Bill Clinton has been hitting the campaign trail in Tennessee on behalf of his wife, Hillary. Photo: Susan Ruggles – Flickr

 Nashville, Tennessee: SUPER TUESDAY. Continue your tour south of the Mason-Dixon Line and head on over to Tennessee. Early voting in the state began Feb. 10 and runs through Feb. 23, ahead of the March 1 primary, so Republicans and Democrats alike are focusing hard on the state. Bill Clinton campaigned ahead of his wife in Memphis earlier this month. Hillary is set to open campaign offices in Nashville and Memphis, two of the state’s largest Democratic hotbeds. Planting yourself in a Democratic area inside a state that usually votes red would provide a certain lively nature to your trip. Both parties vote on Super Tuesday, which falls on March 1 this year.

 

Detroit, Michigan

Presidential candidates have their eyes on Michigan. Photo: Bryan Debus – Flickr.

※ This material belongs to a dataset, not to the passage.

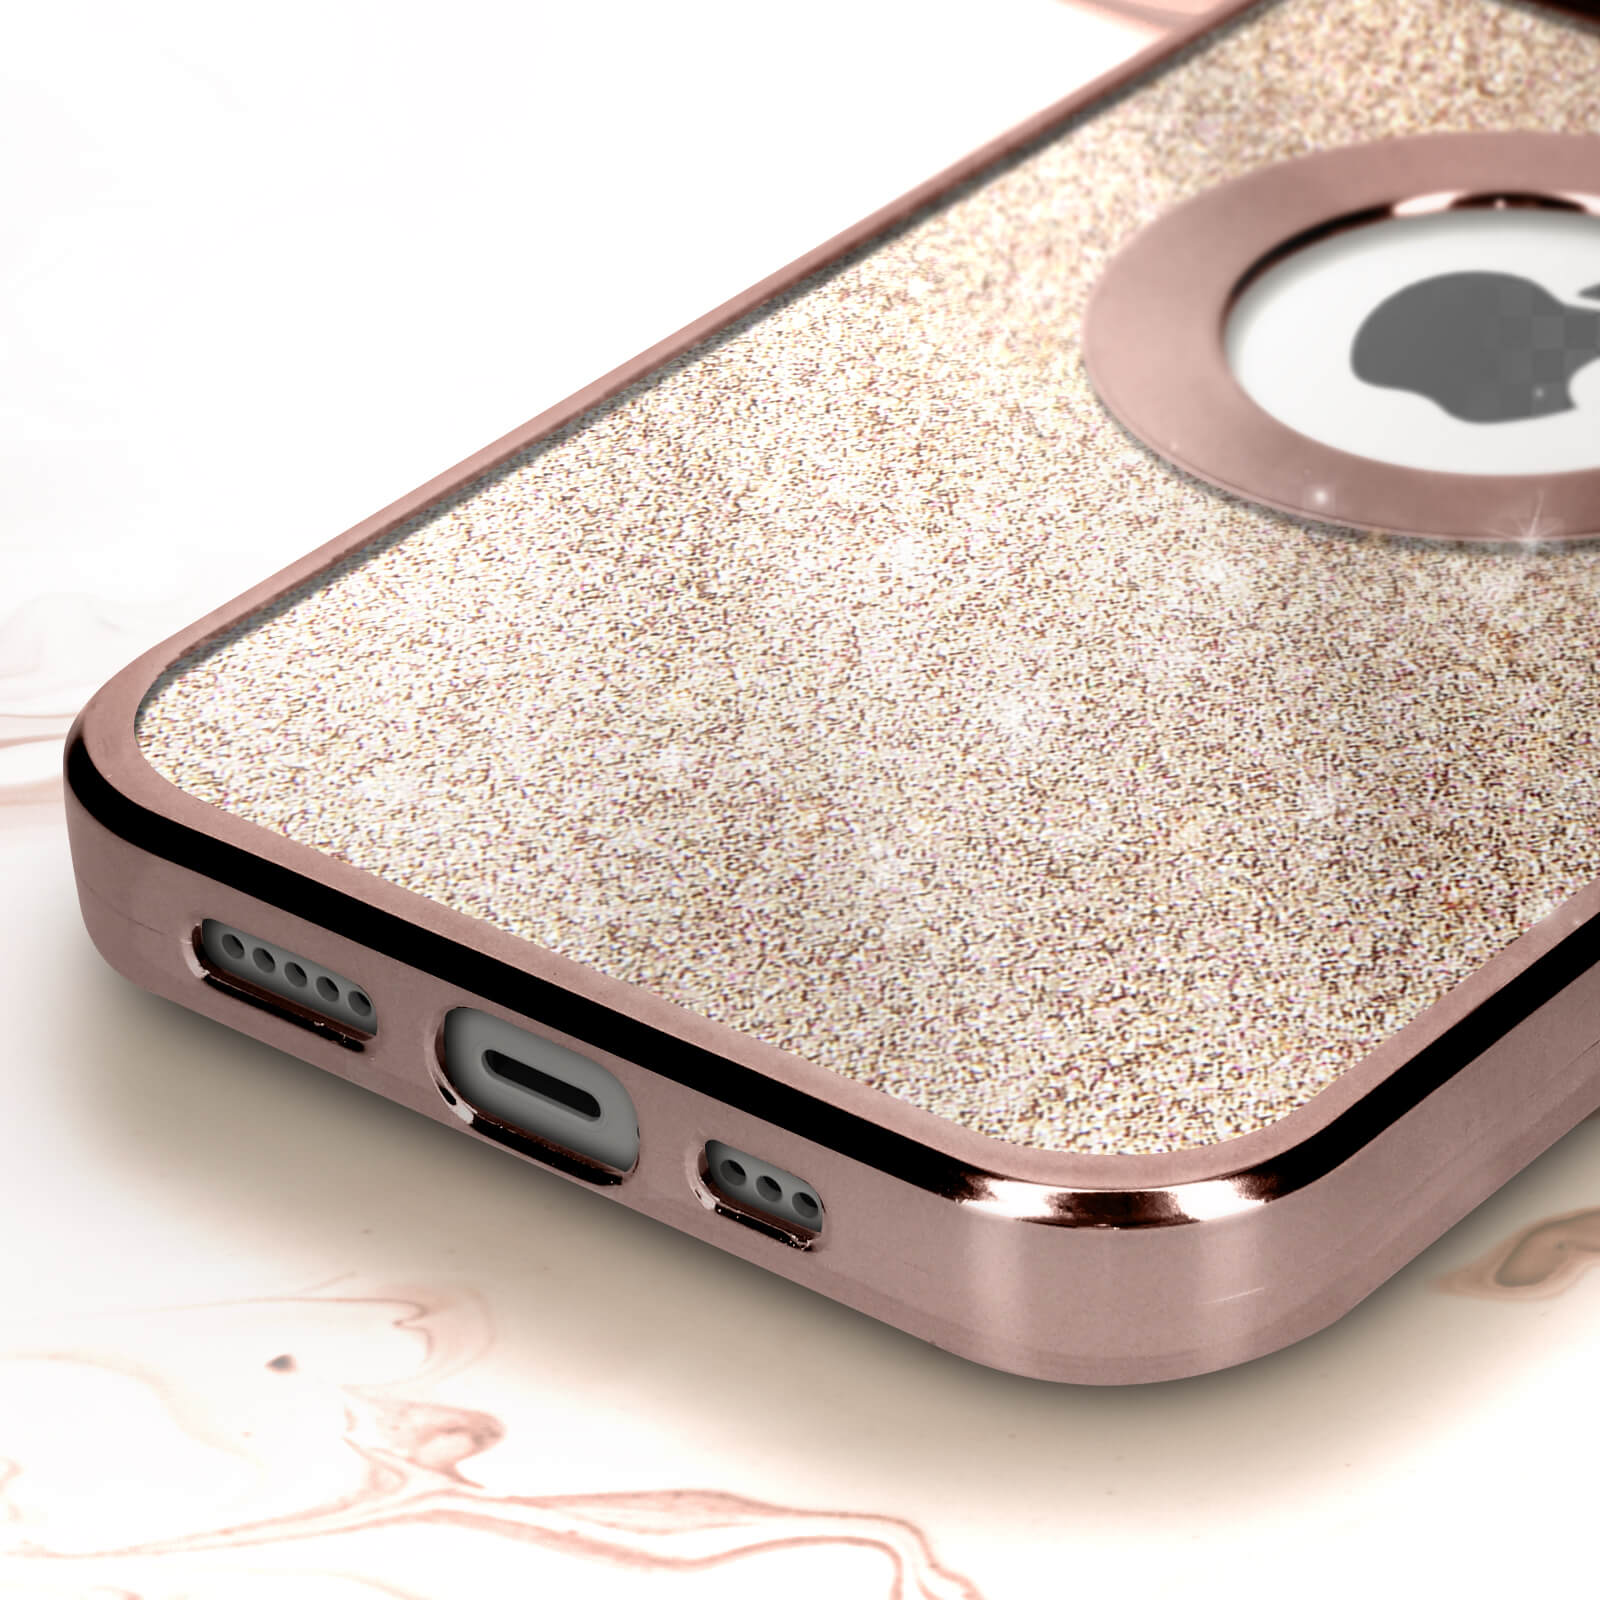 AVIZAR Protecam Spark Series, Backcover, iPhone Rosegold Max, 14 Pro Apple

Detroit, Michigan: Before the dust cleared from the Iowa Caucus, campaign staff members were heading for Michigan. Pick a major city in the state,and you’ll likely find a campaign office has popped up there. The whole Clinton family has already peppered the state, the Republicans have all hired firms to help them plan different events, Sanders offices are springing up in Flint, Lansing, Detroit, Ann Arbor and Traverse City, and CNN is holding a Democratic debate in Flint on March 6. The Democratic and Republican primaries take place on March 8.

 

Columbus, OHio

Columbus, Ohio. Photo: ChevySXSWCbus – Flickr

Columbus, Ohio: Ohio is a swing state and draws the eyes of the world during election season, and this year, its Gov. John Kasich is making a showing in the Republican race. Plus, with a university in Columbus boasting more than 50,000 students, most of whom are eligible voters, Ohio State University often gets blasted with impromptu campaign events. Plenty of appearances are already planned ahead of the March 15 primary: Sanders and Clinton are both scheduled to speak at the Ohio Democratic Party Legacy Dinner at the Greater Columbus Convention Center on March 13 (bleacher seats will run you $50).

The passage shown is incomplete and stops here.